Antrim Magistrates Court heard that residents in the Co Londonderry village were left shocked after Gareth Hyndman allegedly threatened to stab officers, had a gun pointed at him and aimed a firework at police.
Appearing at court via videolink from custody, the 44-year-old confirmed that he understood the eight charges against him.
Hyndman, of Coleraine Street, is charged with two counts of threatening to kill PSNI officers, attempting to cause them grievous bodily harm with intent, possessing a large kitchen knife with intent to cause GBH, possessing and using fireworks without a licence and possessing class B cannabis, all allegedly committed on November 2.
The court heard that just after 2.30am police called at Hyndman's home over an alleged breach of bail. When told he was going to be arrested, Hyndman allegedly "immediately bolted" to the kitchen and armed himself with a large knife.
Giving evidence during a contested bail application, a constable claimed Hyndman shouted: "I'm not going to f****** jail. I'll f****** kill you."
The officer shouted a warning to his colleagues that Hyndman was armed, drew his pistol and pointed it at Hyndman, ordering him to drop the knife.
Hyndman allegedly told officers to shoot him or he would stab himself. As he advanced while brandishing the weapon, officers dragged a sofa to form a barrier between them and Hyndman, the court was told.

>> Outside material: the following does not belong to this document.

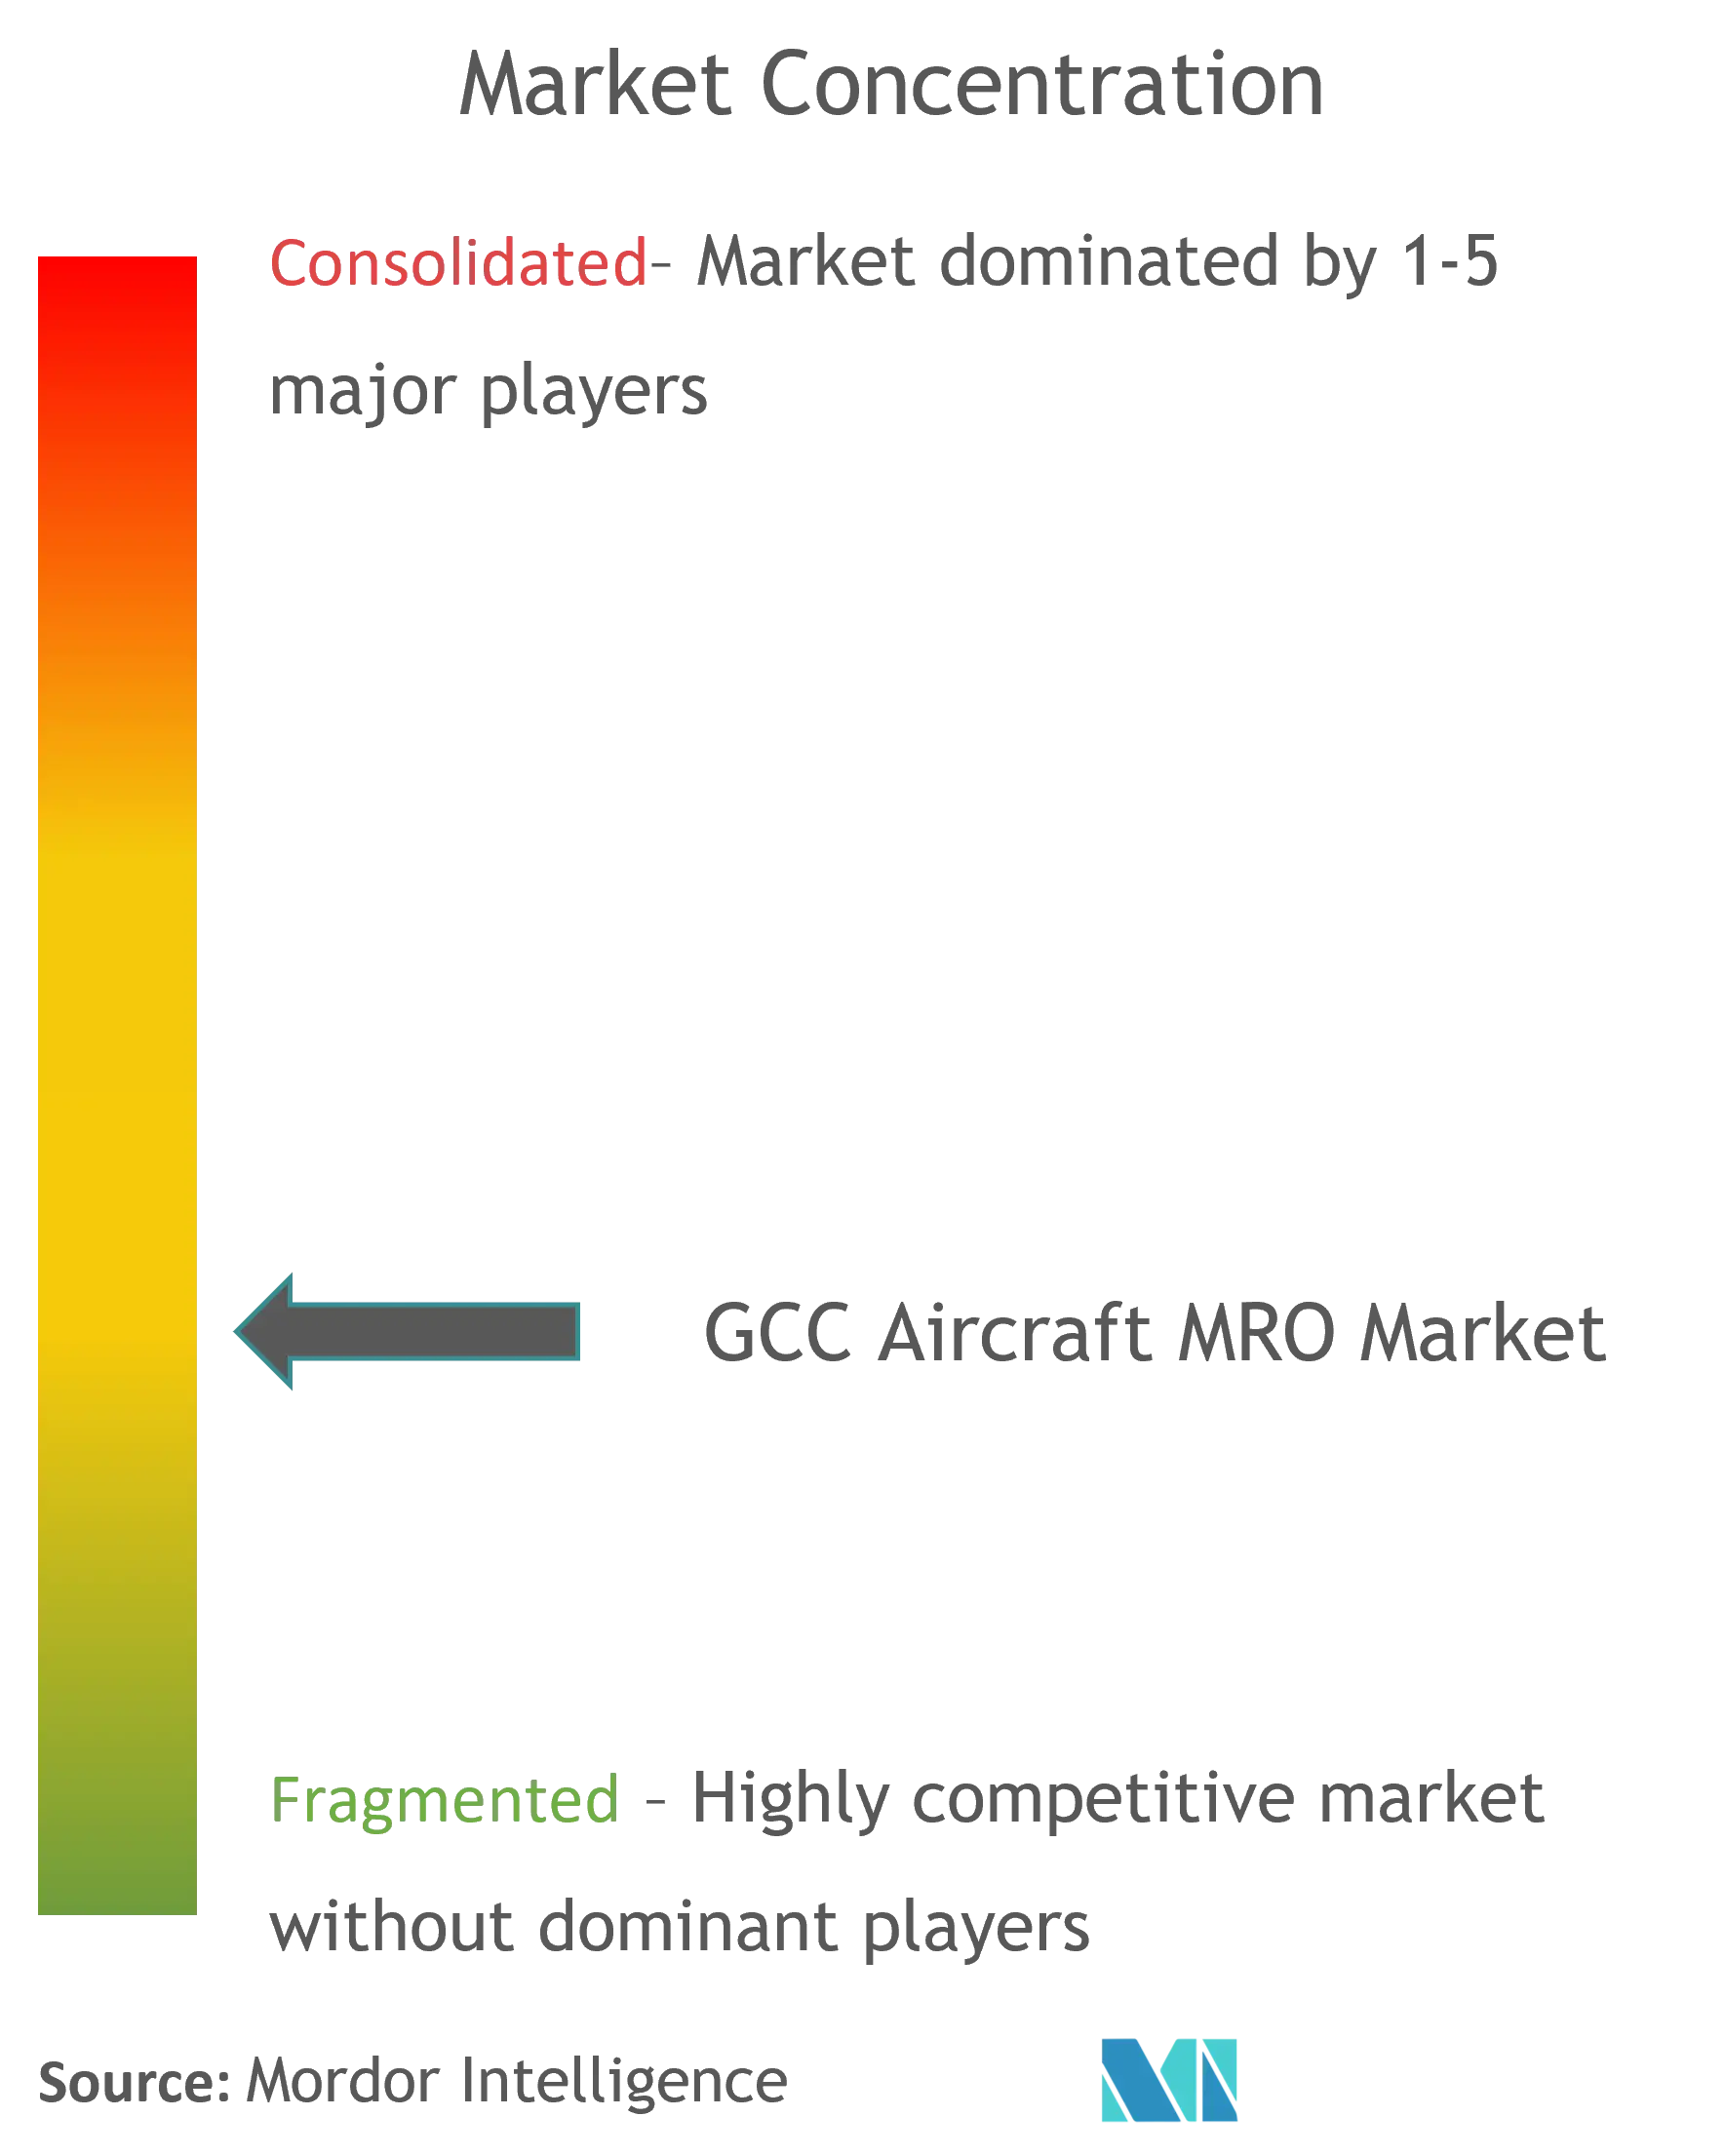 gcc aircraft mro market CL updated.png

"At this point Mr Hyndman stabbed the kitchen door a number of times while shouting to police, 'I'm going to stab yous b*******'," claimed the officer.
The officer added that he then allegedly "threw the knife forcefully" at officers. It struck the living room curtains between them and the officers exited the block of flats, keeping Hyndman locked inside while summoning an armed response unit.
The court was told that while officers were waiting for the unit, Hyndman barricaded himself in his flat before donning a balaclava and throwing a firework from a window at the police outside.
When he threatened to light a large firework inside his flat, other residents were evacuated and the fire service was called.
The armed response unit arrived at 3.15am and forced entry to the flat within 45 minutes.
After he was shot with a stun gun three times, Hyndman was arrested.
During interviews he claimed that he only picked up the knife because the officers had drawn their guns.
He refused to answer questions over whether he had threatened them.
The interviews were cut short, the court heard, because Hyndman "became very agitated".
The court also heard that almost the entire incident was captured on body-worn cameras.
Objecting to bail, a constable said that Hyndman had tried to induce "suicide by cop - where he was goading the officer to shoot him" - telling the court that residents in the village "would not feel safe in their homes" if he was freed.
Defence counsel Liam McStay submitted that with strict conditions attached to a bail order, Hyndman could be freed, but District Judge Nigel Broderick said he was not satisfied "that the risks could be managed".
He remanded Hyndman into custody until November 23.